Il faut exterminer ces troupeaux que je voi,
Poursuivre ces bergers de qui l’amour m’afflige...
Mais non, je vois un temple, il peut être à l’Amour ;
Renversons sa statue, et qu’il tremble à son tour !
Je dis, et nous volons, pleins du même vertige ;
L’ardeur de faire un crime irrite nos efforts :
Rien ne nous retient plus ; nous courons les montagnes :
Nous traversons les bois, les guérets, les campagnes ;
Une source paraît, nous franchissons ses bords.
Que peut contre les dieux le vain courroux des hommes ?
Confondus, étonnés du désordre où nous sommes,
A peine, dans le temple, avons-nous fait un pas,
Qu’un charme impérieux semble enchaîner nos bras.

Bacchus de nos transports faisait cesser l’audace :
Ce temple était le sien.
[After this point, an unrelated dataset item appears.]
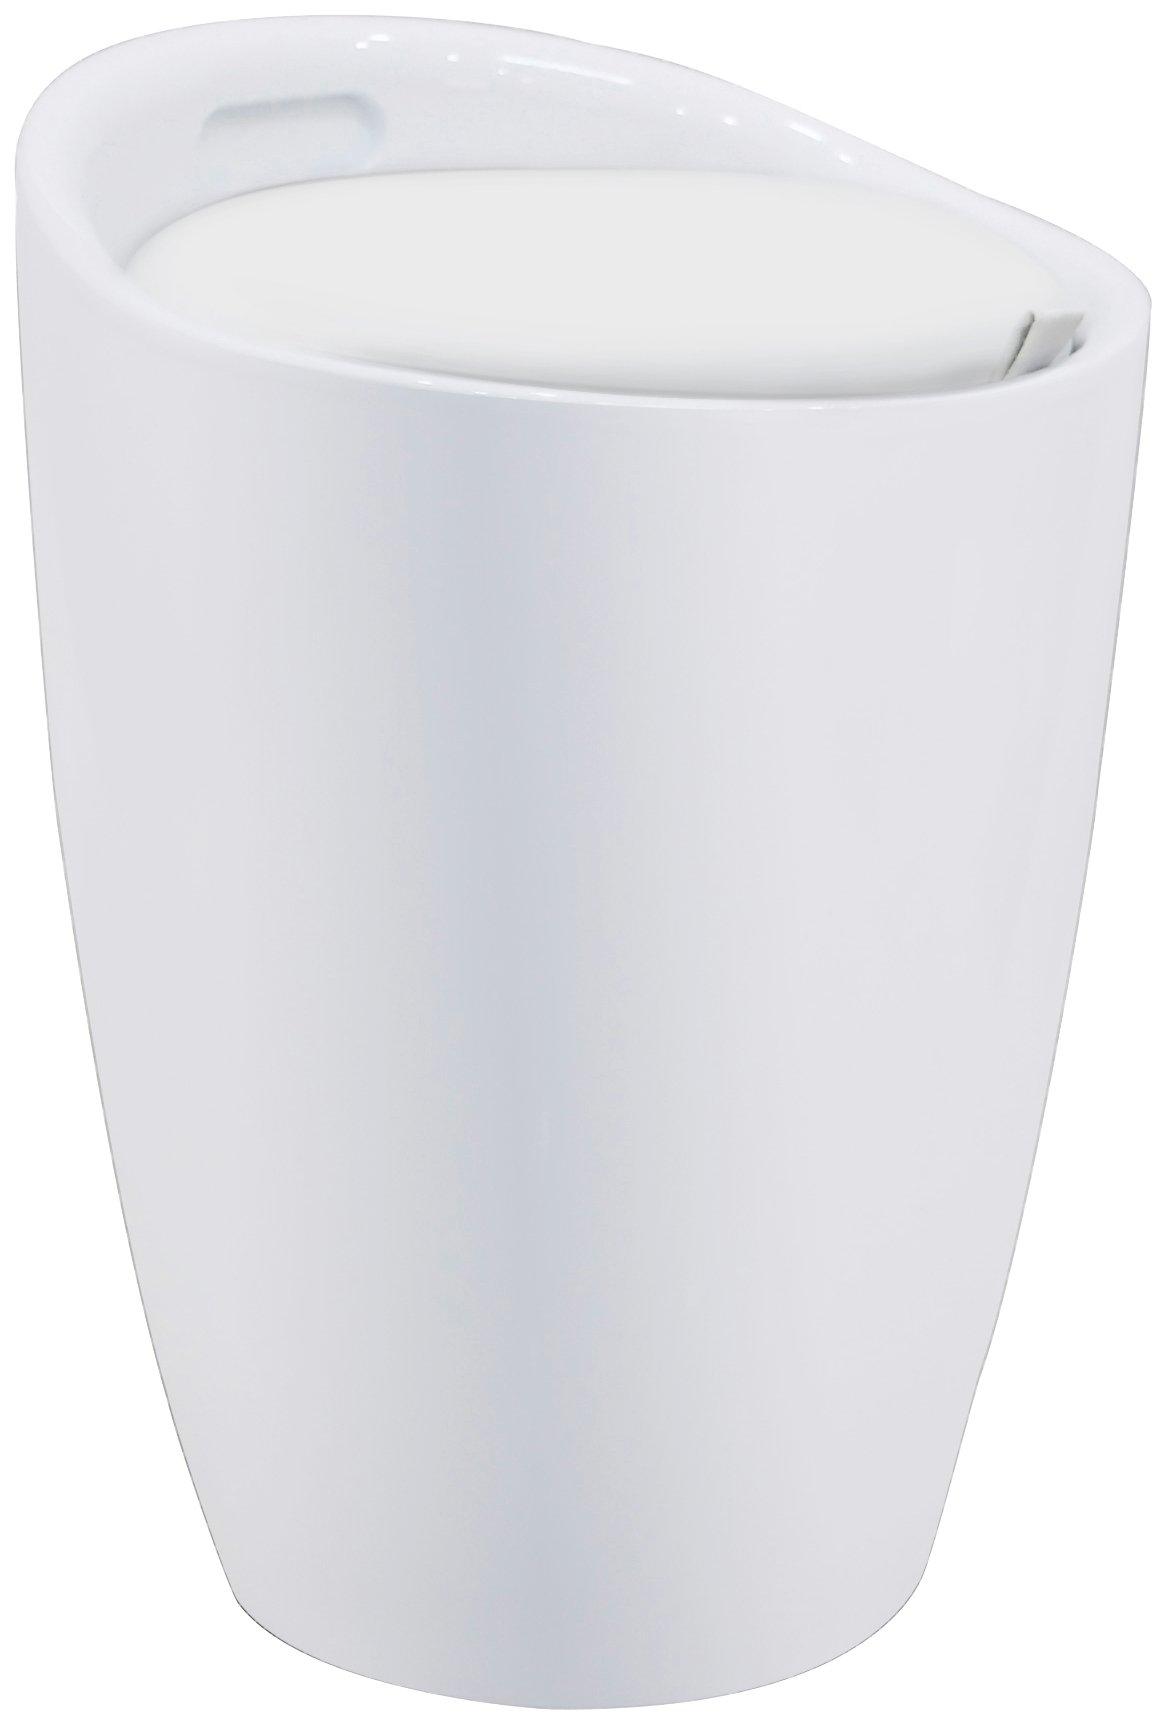 Eisl badkruk goedkoop op otto.nl kopen

Grand dieu ! je te rends grâce.
Moins pour avoir calmé mes honteuses fureurs,
Que pour m’avoir d’un crime épargné les horreurs !
A ces mots, m’approchant des autels que j’embrasse :
O prêtresse, ai-je dit, le dieu que vous priez
Vient de nous apaiser par son secours propice ;
Daignez ici, pour nous, lui faire un sacrifice.
Je cherche une victime et l’apporte à ses pieds.

Lorsque le fer brillait aux mains de la prêtresse,
Aristée éleva ces accents d’allégresse :

Bacchus ! dieu bienfaisant ! dieu des ris et des jeux !
Tu fais régner la joie et son léger tumulte :
Pour ta divinité nos plaisirs sont un culte ;
Tu ne veux être aimé que des mortels heureux.

Saisi de ton ivresse, en vain l’esprit s’égare ;
ll se retrouve encor dans ce doux abandon ;
Mais, quand il est troublé par quelque dieu barbare,
Tu peux seul, ô Bacchus ! lui rendre la raison.